I am a big fan of many wuxiaworld novels and I wanted to learn python. But I often get frustrated that i'm not able to save the chapters for offline reading. So I used this as a motivation to create a python script that downloads chapters and saves them into an ePub format for easy reading on my iPhone.
All content belongs to wuxiaworld and I claim no credit. This project was started for me to find a practical way to learn python and information retrieval.
You will need to have python 3 installed.
This python script was written and tested on MacOSX and Windows10 To run first run the following line on terminal/command line.
pip install -r dependencies.txt
There are two steps to downloading and creating a ePub file for the particular novel to be downloaded:
- Downloading the chapters into text files
- Generating an ePub from the text files
The splitting of steps is to enable easier modifications in the future if the user wishes to generate books of different formats from the downloaded content (eg. pdf/mobi etc.). The downloaded chapters are saved within the same folder under the title of the Novel.
To download the content, run the following line
python download.py --url [url_link]
To generate the ePub, run the following line
python create_ebook.py --book [book_name]
For download.py:
-V or --version || show program version
-U or --url || takes in novel url as a parameter
-S or --start || start downloading from this chapter number
-P or --path || file path to save wuxia novel
For create_ebook.py:
-V or --version || show program version
-B or --book || takes in book name
-P or --path || file path to save wuxia novel
If you wish to update your previously downloaded folder with the latest chapters, run the following line:
python download.py --url [url_link] --start [the chapter number you wish to start downloading from]

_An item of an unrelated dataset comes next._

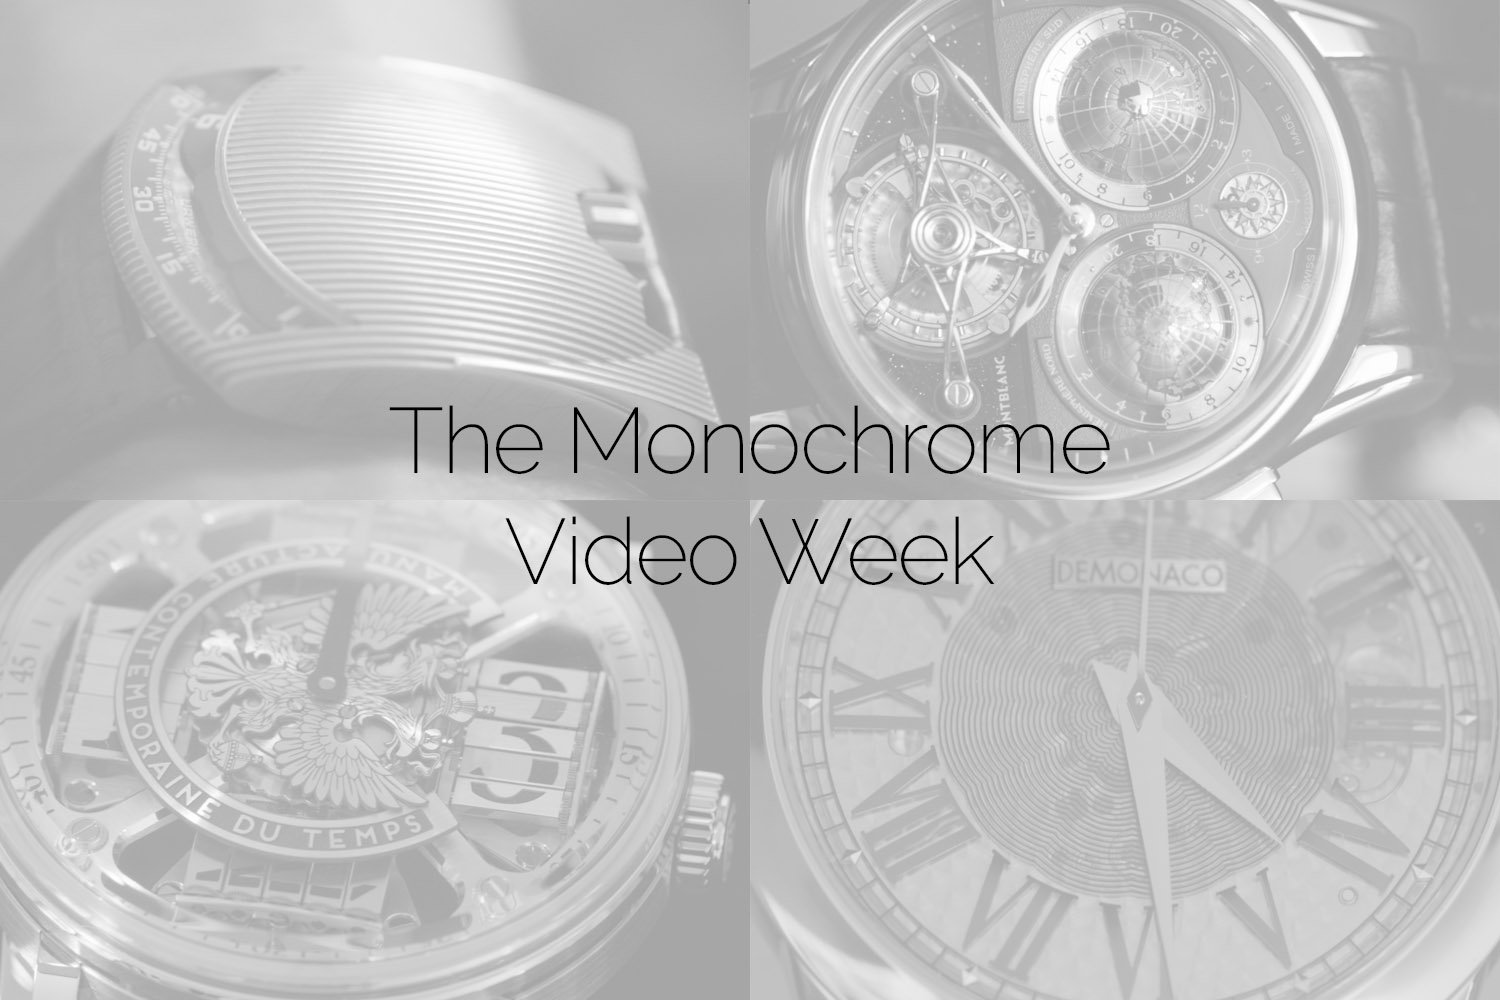 The Monochrome Video Week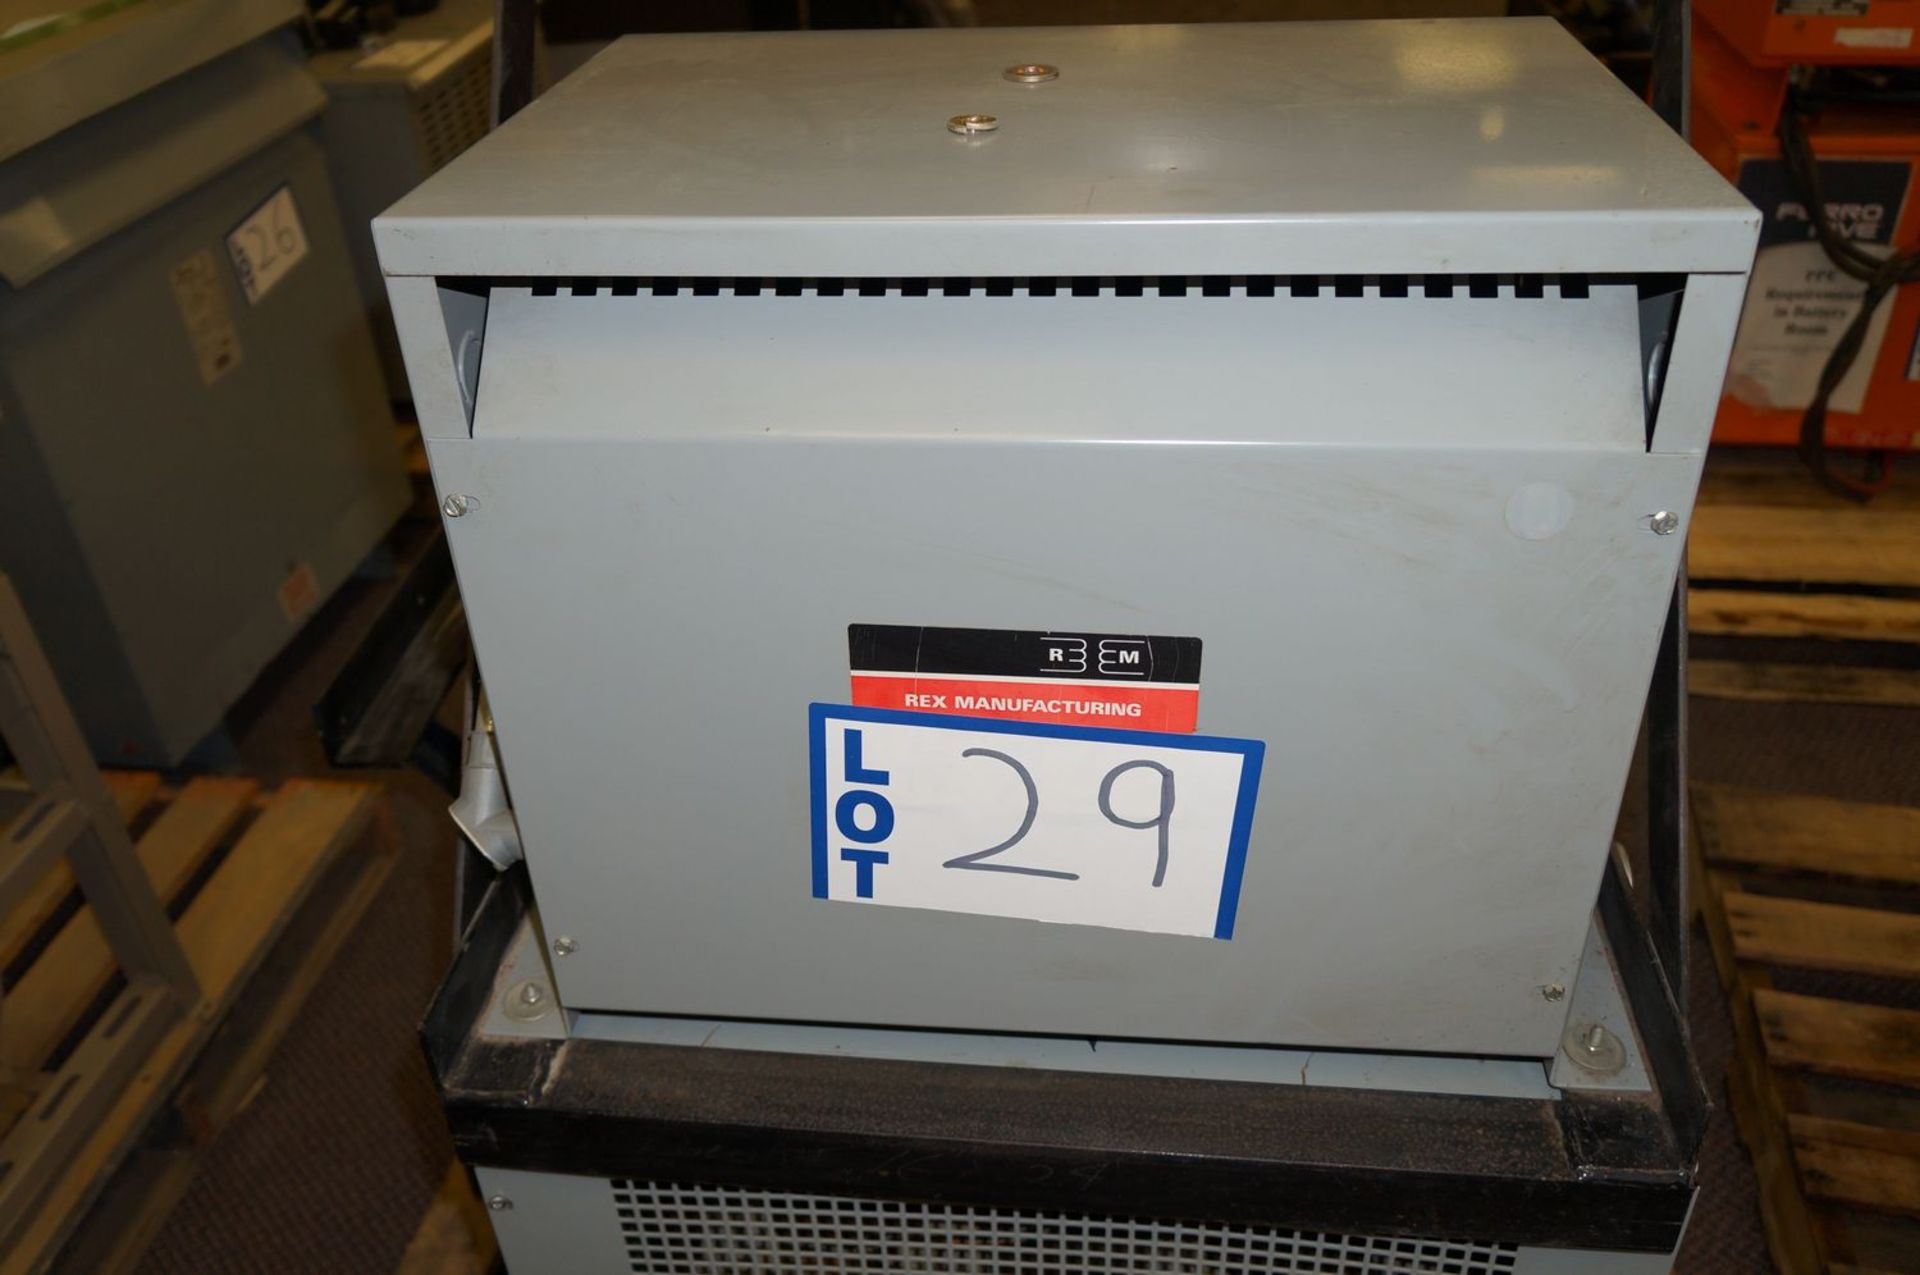 Rex 600 volt transformer. Kva 15,hv 600 lv 277, cont 150, %imp 6.0, type Ann

for example if the last time I trawled till chapter 366, then the next time I run the code I will want to trawl from chapter 367 onwards, thus the commands to run will be the following:
python download.py --url [url_link] --start 367
If you have moved your previously trawled folder to another file location, pass in the file location as a path parameter
python download.py --url [url_link] --path [file path to existing trawled folder]
If you have shifted the folder of trawled chapters to a different file path
python create_ebook.py --book [book_name] --path [new file path location]